Mayberry explained that it’s all about the data and how new chip/system designs are needed to deal with distributed compute. Compute will be embedded throughout the cloud infrastructure all the way from the edge where the data is generated and first analyzed, to the cloud, which will be the source of for now a great deal of AI learning.  To deal with disaggregation of the data you can use tiles to create the custom compute, thus combining, CPU, GPU, NPU, memory, and other technologies into a system. Combining all of these tiles together creates more interconnect, it also unfortunately at the moment uses more power. As a result, innovation is needed for scaling, new materials, nanoribbons, gate-all-around technology, and interconnect design. Bump pitch scaling and design of the wiring routing can help reduce the power consumption and perhaps improve system speed.

Compute-memory integration.

Figure 2: Compute-memory integration. (Source TSMC IEEE IITC 2020)

Dr. Wong reiterated much of Mayberry’s comments, with respect to AI driving the need for improved 3D compute for supercomputer applications. Wong discussed the need for optimizing the compute for the application. It is critical for memory to be readily accessible to the logic with adequate bandwidth. Currently, this is being done with high bandwidth memory stacks on the 2.5D or 3D package. Wong discussed TSMC’s N3XT 3D technology which layers the memory and the logic to enable higher processing speed.  For more detail on the topic please see my co-blogger, Phil Garrou’s blog on the topic.

CEA-Leti and IMEC also presented on this at their co-seminar prior to IEDM last December.

(do you want to link my article to this)

Having been very involved in through-silicon via (TSV) development over the years, and the holy grail that is chip-to-chip packaging. I am still wondering how they will get the heat out; especially, with a greater density of transistors, and faster processing speeds. It is possible that new materials such as carbon nanotubes, which Wong touched on, will help to solve this problem, but carbon nanotubes have their own manufacturing issues and are a long way from production.  Thus, only time and experiments will tell how tightly the industry will be able to package the logic, memory, and other devices in the near to distant future.

The Details of Interconnect Technology

From the 20,000 foot view, the conference very quickly gets down into the details of interconnect technology. Some of my highlights are below.

Multiple papers were presented on the sub-7nm interconnect technology.
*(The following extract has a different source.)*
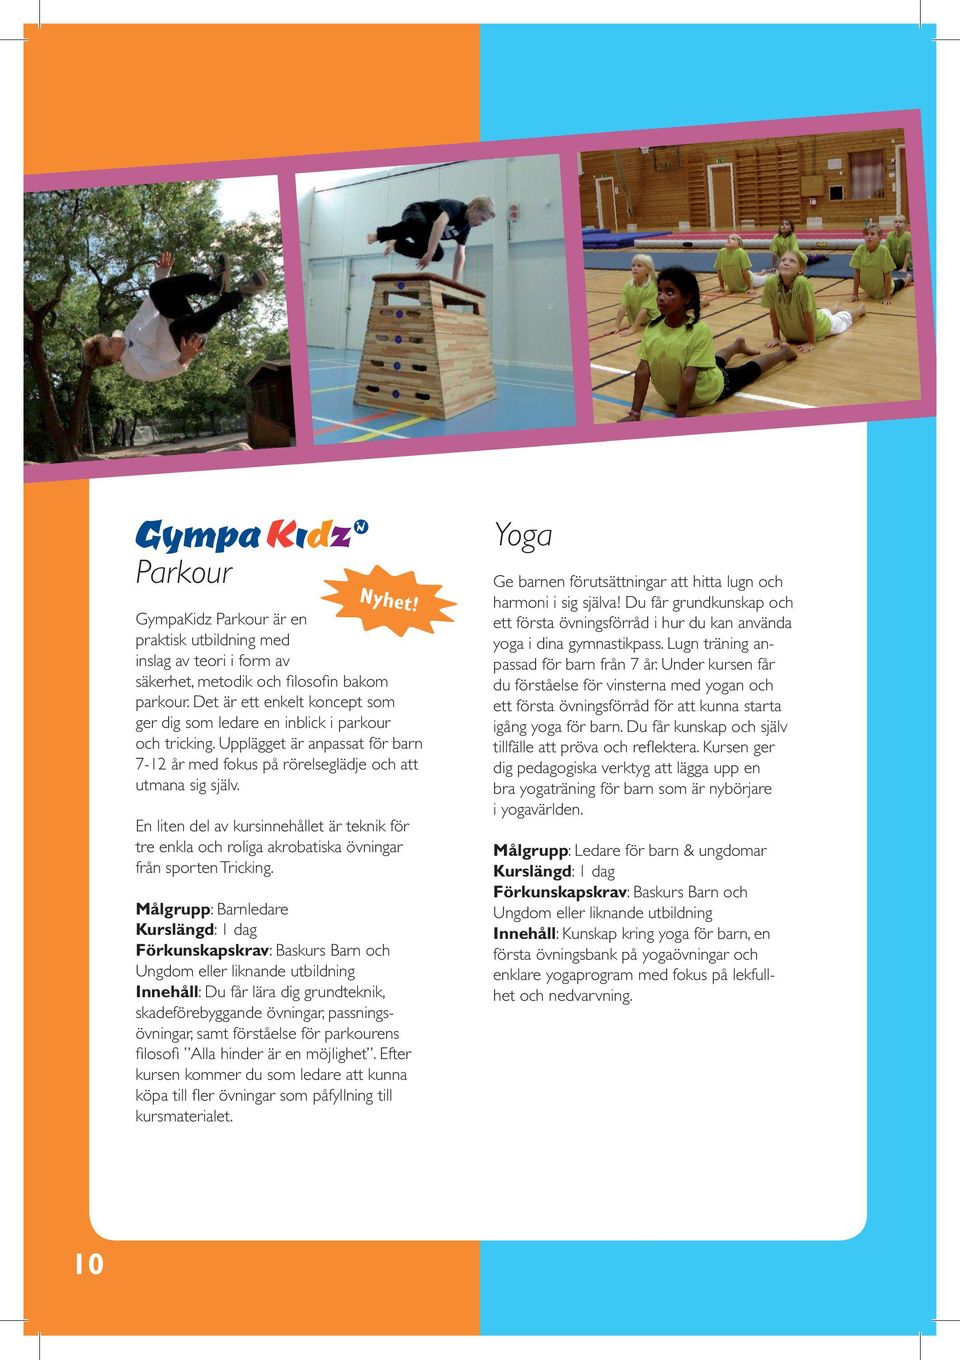 En liten del av kursinnehållet är teknik för tre enkla och roliga akrobatiska övningar från sporten Tricking.

Samsung demonstrated the advantages of using EUV for a 7nm back-end-of-the-line process, while IMEC presented on the 3nm technology node.  Consistent from the papers is that cobalt is replacing copper and the barrier liner at smaller pitches, and as scaling continues ruthenium will likely replace cobalt to keep the resistance at a manageable level.

EUV lithography

Figure 3: EUV lithography. (Source Samsung IEEE IITC 2020)

IMEC proposed a new damascene technology called semi-damascene, which is needed to resolve the issues with interconnect scaling at the 2nm technology node. The process includes using Ru to replace Cu and airgap technology.

Selective tungsten seems to finally be successful, as it is deposited on metal and dielectric, not silicon.

Intel’s 10nm paper was a bit anticlimactic, given that an updated version of the technology was presented at architecture day.

Graphene, carbon nanotubes, and two-dimensional materials are making their way into the process flow’s at least in the R&D phase of the process.

IBM is still extremely active in the interconnect space.

Advanced Stacked ICs

The key to smaller packages, and to a certain extent the success of 3D systems, is the shrinking of the bump pitch. Since the goal is to put different functional technology together in the same package in the smallest form factor possible, different bumping pitches are needed to accomplish this, in some cases much smaller than the industry is working with today.  I was aware of work going on in the 10-25 µm range.  At Intel’s Architecture Day, it was mentioned they are working on 10um pitches. So, when Sony presented at IITC on 1um pitch Cu-CU hybrid technology, I was a bit surprised. Sony demonstrated that they could successfully bond chips together with good electrical results.  Sony showed that you could have up to 0.25um offset and still get good results.  This work suggests that the ability to create smaller bump pitches than currently used is very possible in the near future.

Stacked CMOS image sensor technology

Figure 4: Stacked CMOS image sensor technology. (Source; Samsung, IEEE IITC)

The 3D InCites Virtual Event Scorecard

Having, like most of you, attended multiple video conferences over the past 9 months I’m developing my likes and dislikes of how organizations run these events.  The voice quality was better than most, which is an improvement over many conferences. However, at the IEEE conference in June, I believe you were able to click through slides during the on-demand portion of the event.  This was an excellent tool for when you wanted to go back and study the details on the slide. I also would have appreciated a bit more time to peruse the IITC conference information, I know they gave us 25 days but October was a busy virtual conference month.

Dean Freeman

Dean W. Freeman, Chief Analyst at FTMA, has over 36 years of semiconductor manufacturing and…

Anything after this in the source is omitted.